Embedded Humanities - The Use of Distributional Models in the Digital Humanities

Workshop description

In recent years, the Digital Humanities have witnessed the steadily growing popularity of models from distributional semantics which can be used to model the meaning of documents and words in large digital text collections. Well-known examples of influential distributional models include Latent Dirichlet Allocation for topic modeling (Blei et al. 2012) or Word2vec for estimating word vectors (Mikolov et al. 2013). Such distributional models have recently gained much prominence in the fields of Natural Language Processing and, more recently, Deep Representation Learning (Manning 2016). Humanities data is typically sparse and distributional models help scholars obtain smoother estimations of them. Whereas, for instance, words are conventionally encoded as binary ‘one-hot vectors’ in digital text analysis, embedding techniques from distributional semantics allow scholars to obtain dense, yet rich representations of vocabularies. These embedded representations are known to capture all sorts of valuable relationships between data points, although embedding techniques are typically trained using unsupervised objectives and require relatively little parameter tuning from scholars. Inspiring applications of this emergent technology in DH have ranged from more technical work in cultural studies at large (Bamman et al. 2014), case studies in literary history (Mimno 2012; Schoech 2017) or valuable DH-oriented web apps, such as ShiCo (Martinez-Ortiz et al. 2016). The availability of high-quality implementations in the public domain, in software suites as gensim, word2vec, or mallet etc. has greatly added these methods’ popularity.

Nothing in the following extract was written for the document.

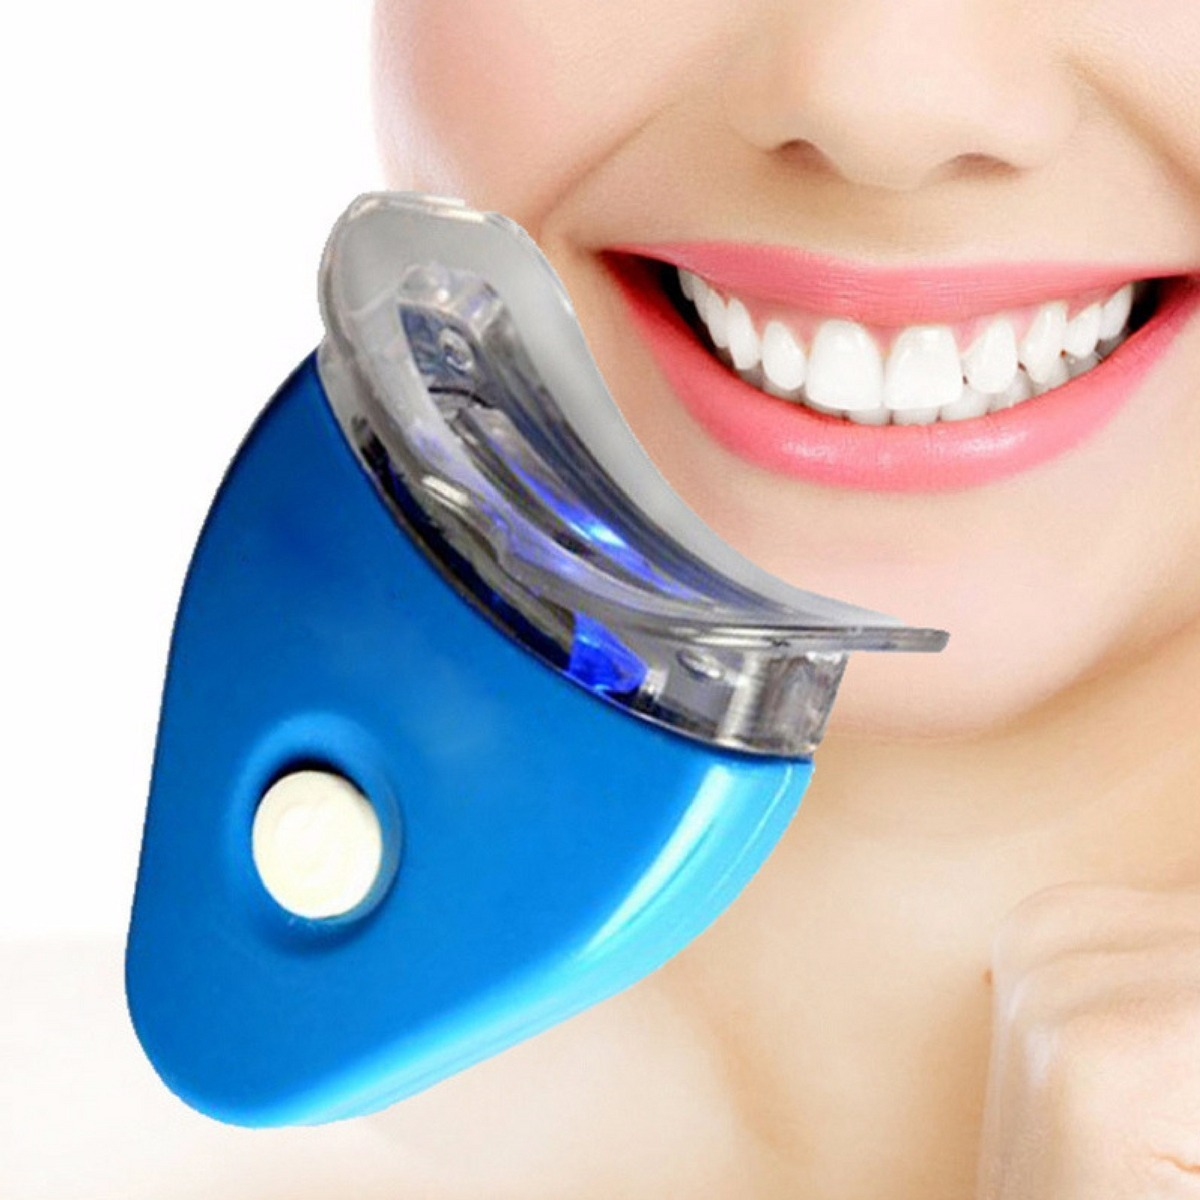 Clareador E Branqueador Dentario White Light Profissional R 35 45

In spite of their huge potential for Digital Humanities, multiple aspects of their application still remain untapped. Unsupervised models such as Word2vec, for instance, are notoriously hard to evaluate directly – often researchers have to resort to indirect evaluations in this respect. This poses the question to which extent the output of distributional models should play a decisive role in hermeneutical debates or controversies in the Humanities. With other techniques for Distant Reading, distributional models moreover share the drawback that they typically only yield a single reading for a particular corpus so that for example the polysemy of a word isn’t rendered adequately. Interesting progress into representing the complex variability of meaning has been achieved, for example on the level of diachronic word embeddings, where convincing attempts have been made to allow for semantic shifts in an individual word’s meaning (Hamilton et al. 2016; Hellrich and Hahn 2016). Likewise, critical studies have revealed how tightly distributional models reproduce cultural biases with respect to gender and race (Bolukbasi et al. 2016), which calls for a debate about the ethical aspects of the matter. Likewise, it deserves emphasis how distributional models depend on large datasets and typically yield poor estimates for more restrictive data collections. This might help explain why word embeddings so far have not that many applications in fields like stylometry, that mostly work with relatively small corpora.

Organization

The DARIAH working group on Text & Data Analytics Working group (TDA-WG), in collaboration with the scientific community Digital Humanities Flanders (DHuF) organizes a one-day workshop, collocated with the 2018 DHd conference in Cologne on Tuesday, 27 February 2018. The workshop aims to bring together ca. 20 practitioners from the Digital Humanities to present and discuss recent advances in the field, through 30-minute presentations on focused case studies, including work-in-progress or theoretical contributions. The day will be wrapped up by a gently, introductory tutorial on the application of topic models.

Keynote

The workshop will start with a keynote lecture by David Bamman (University of California, Berkeley).

Audience

Additionally, the workshop aims to reach an audience of non-presenting participants who take an active interest in distributional models and who are planning to apply distributional models to their own data in the near future. We aim to bring together a diverse group of both junior and senior stakeholders in this nascent subfield of DH. The goal of the workshop is to identify the state of the art in the field, identify common challenges and share recommendations for a best practice. Special attention will be given to the (both hermeneutic and quantitative) evaluation of distributional models in the context of Humanities research, which remains a challenging issue. The workshop is open to scholars from all backgrounds with an interest in semantic representation learning and encourages submissions that deal with under-researched, resource-scarce and/or historic languages.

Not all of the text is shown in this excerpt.